Would you print exactly the lines that begin the listing and continue through the line holding "Scooby-Doo Cyber Chase"? No pictures, please.

• PROVIDED MATERIAL
════════

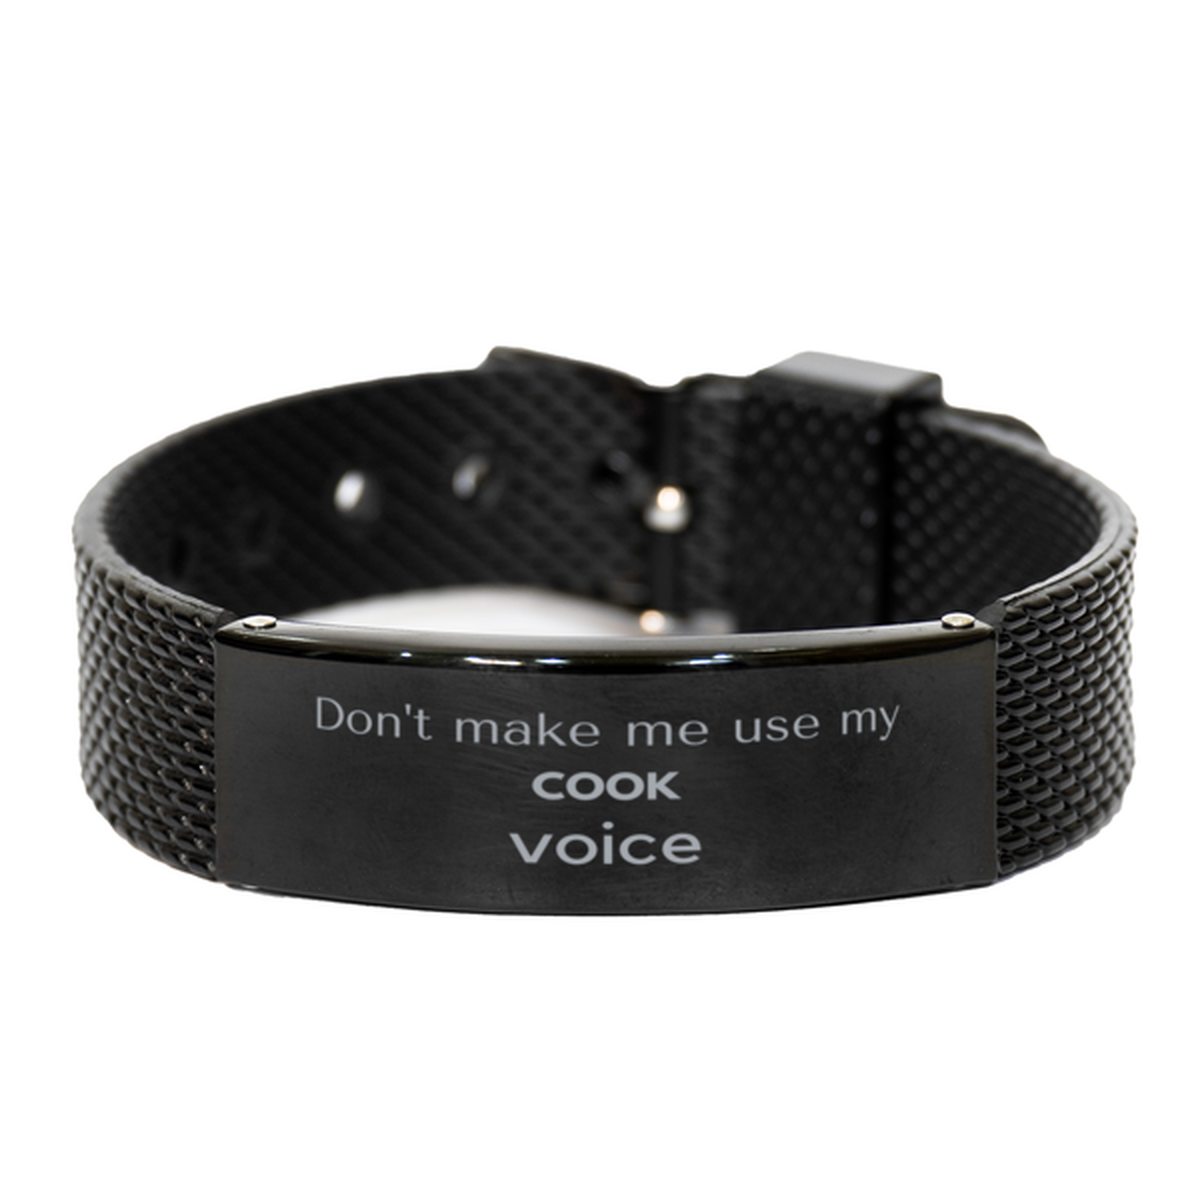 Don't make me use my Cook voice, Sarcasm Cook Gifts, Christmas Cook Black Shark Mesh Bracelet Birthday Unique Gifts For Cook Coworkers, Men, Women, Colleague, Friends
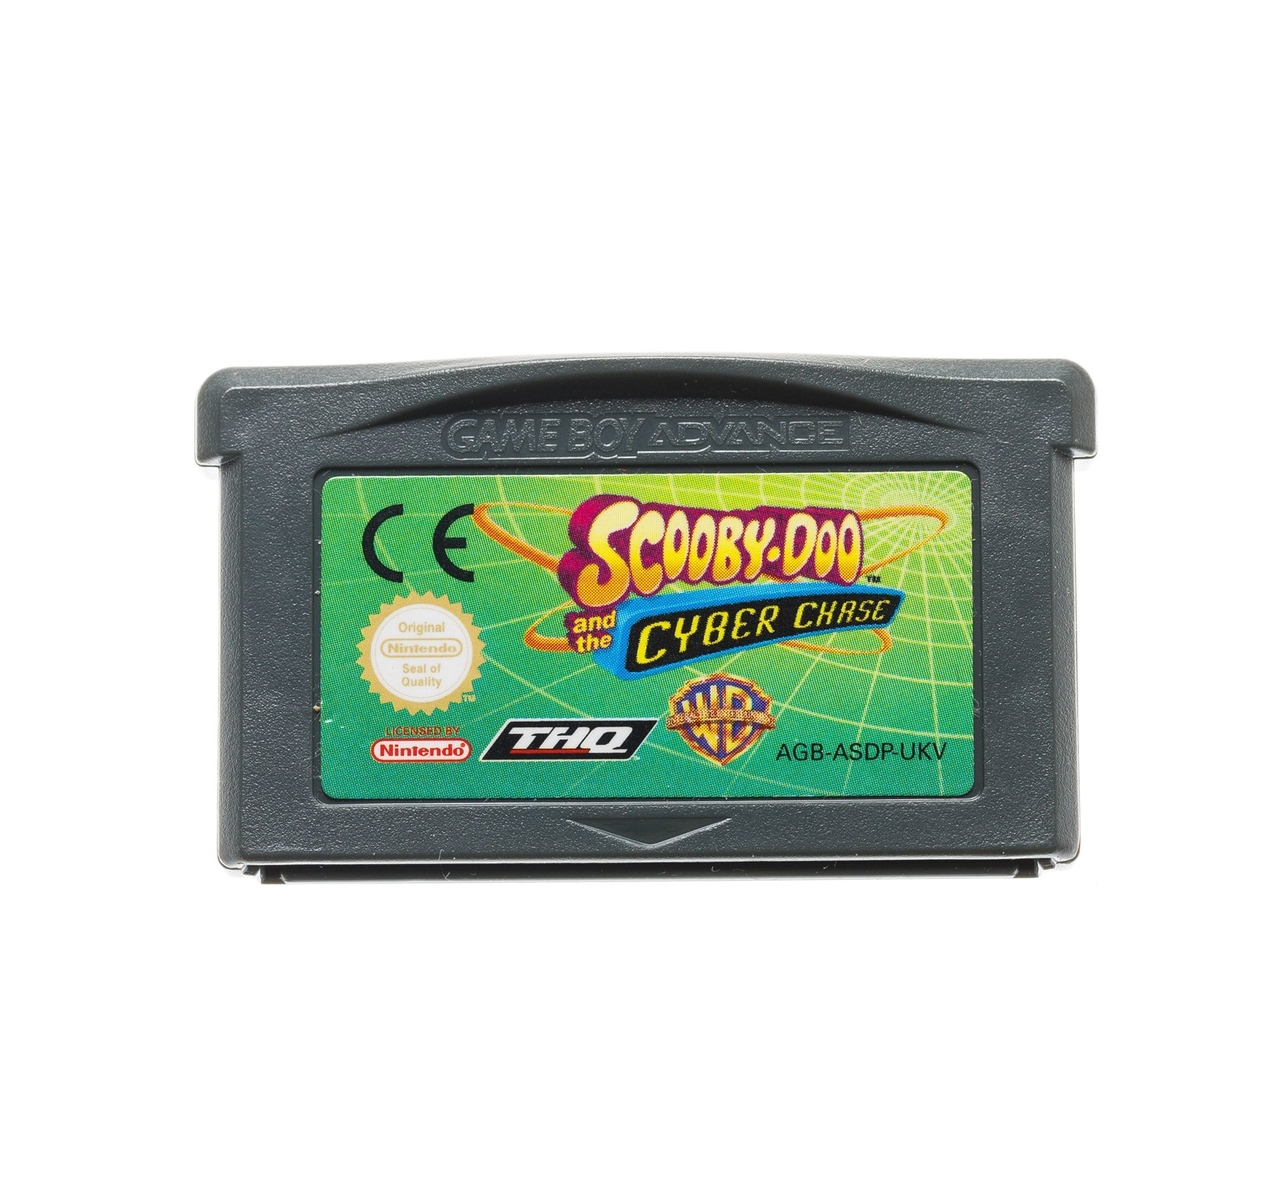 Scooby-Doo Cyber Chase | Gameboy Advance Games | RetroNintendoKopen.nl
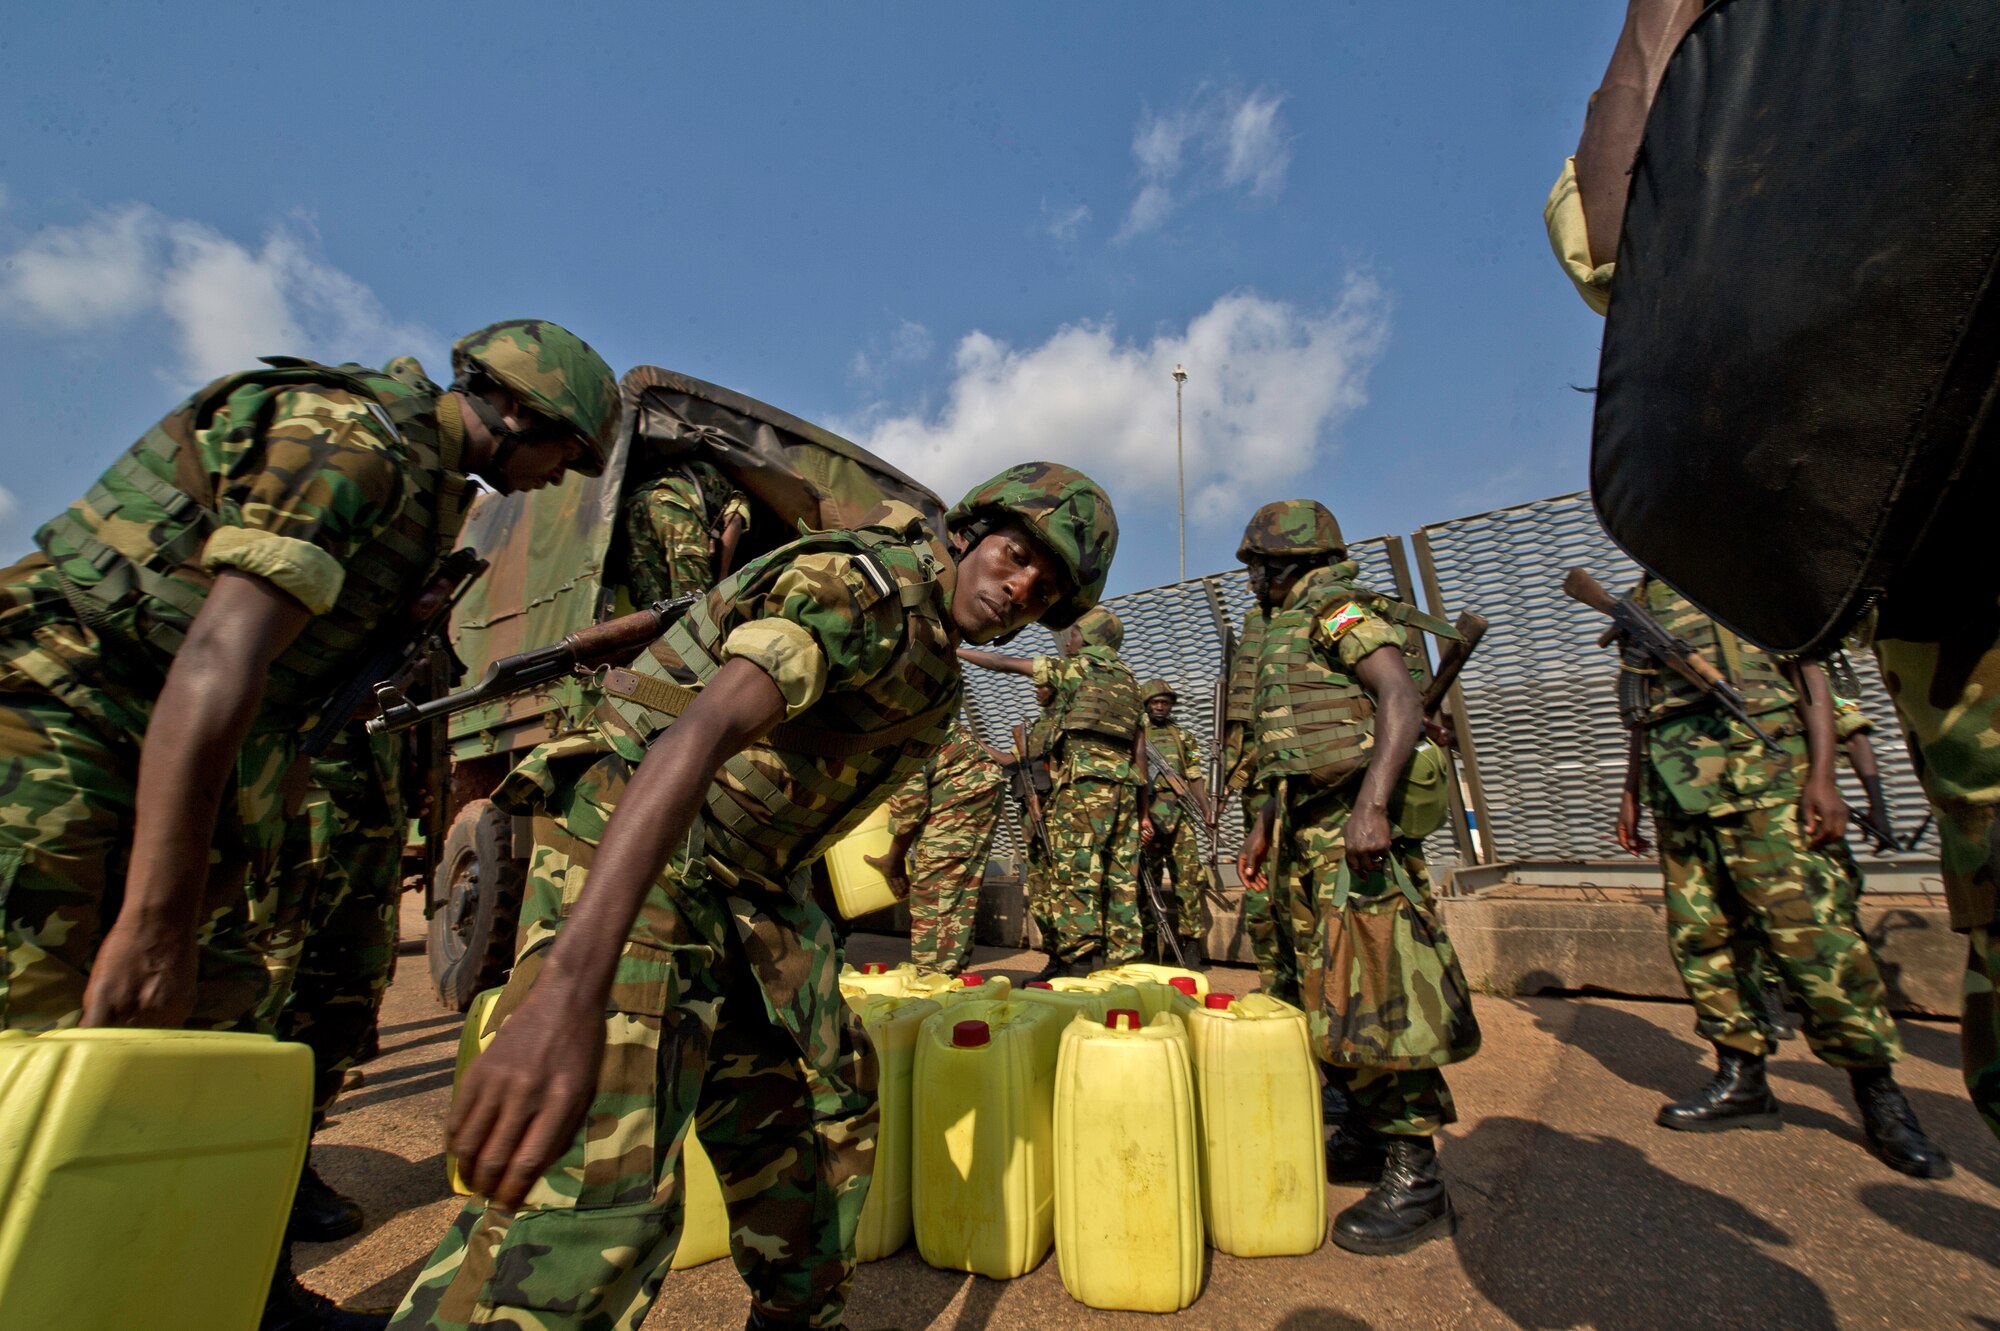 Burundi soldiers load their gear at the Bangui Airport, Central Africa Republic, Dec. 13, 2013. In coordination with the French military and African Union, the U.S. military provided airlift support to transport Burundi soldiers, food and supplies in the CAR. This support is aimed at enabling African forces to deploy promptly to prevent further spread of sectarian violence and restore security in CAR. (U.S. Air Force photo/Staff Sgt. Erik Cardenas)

════════

• RESPONSE TO THIS TASK
 Don't make me use my Cook voice, Sarcasm Cook Gifts, Christmas Cook Black Shark Mesh Bracelet Birthday Unique Gifts For Cook Coworkers, Men, Women, Colleague, Friends
 Scooby-Doo Cyber Chase | Gameboy Advance Games | RetroNintendoKopen.nl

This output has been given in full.